Richard Marc Edward Evonitz (July 29, 1963 – June 27, 2002) was an American serial killer, kidnapper, and rapist responsible for the deaths of three teenaged girls in Spotsylvania County, Virginia, and the abduction and rape of a 15-year-old girl in Richland County, South Carolina. Evonitz has been suspected of other murders, and confessed a number of crimes to his sister shortly before committing suicide.

Early life
Richard Marc Edward Evonitz was born at Providence Hospital in Columbia, South Carolina, to Joseph and Tess Ragin Evonitz.
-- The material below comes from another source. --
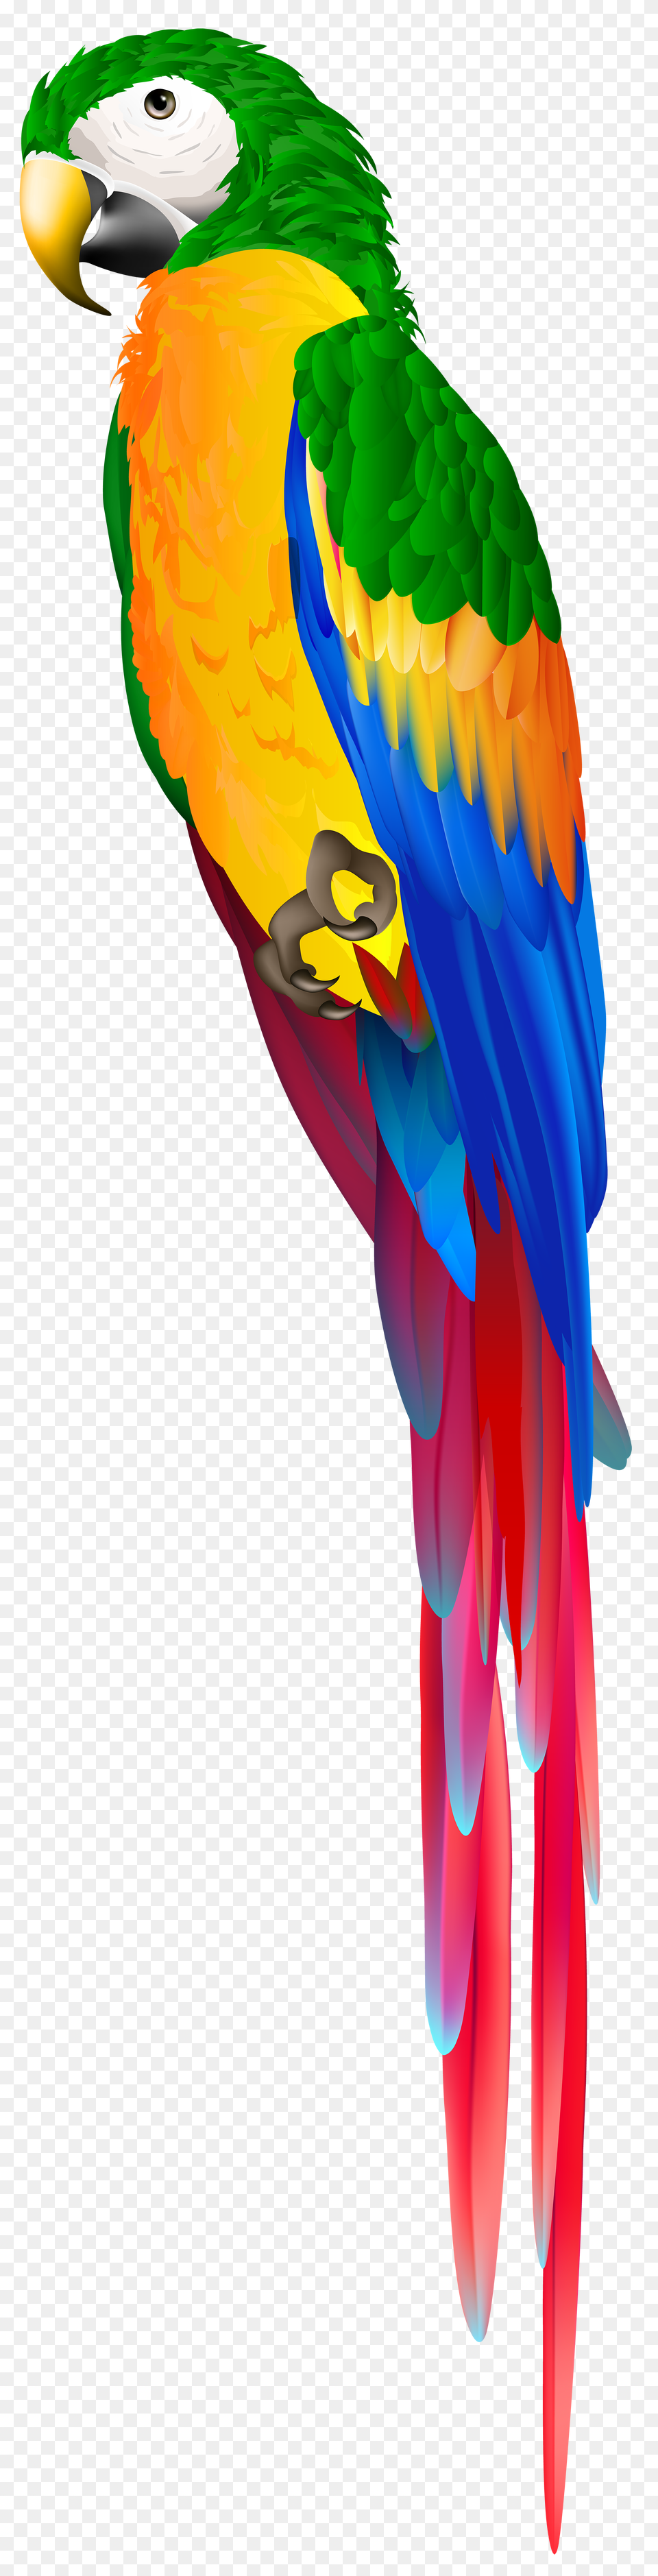 Parrot Green Clip Art Imageu200b Gallery Yopriceville, Animal, Bird, Macaw, Wedding Png Image

He was the first of three children; two sisters, Kristen and Jennifer, followed him in 1968 and 1971. Known as Marc to avoid confusion with a paternal uncle also named Richard, he graduated from Irmo High School in 1980 at age 16.

Career
After high school, Evonitz worked briefly as the manager of a Jiffy Lube, before joining the United States Navy. He served as a sonar technician and received a Good Conduct Medal before being honorably discharged after eight years of service.

Following his stint in the Navy, Evonitz worked steadily at businesses that sold compressors and grinding equipment. He filed for bankruptcy in 1997, unable to keep up with bills following a divorce, and had a house foreclosed in 1999 following a failed business venture, but at the time of his death, Evonitz had been working at an air-compressor company since moving to South Carolina a few years earlier.

Personal life
Evonitz was married twice, first to Bonnie Lou Gower from 1988 to 1996, then to Hope Marie Crowley from 1999 until his death.

Criminal career
In January 1987, Evonitz exposed himself and masturbated in front of a 15-year-old girl in Orange Park, Florida. He was arrested a month later when his ship returned to port. He entered a plea of no contest and was sentenced to three years' probation.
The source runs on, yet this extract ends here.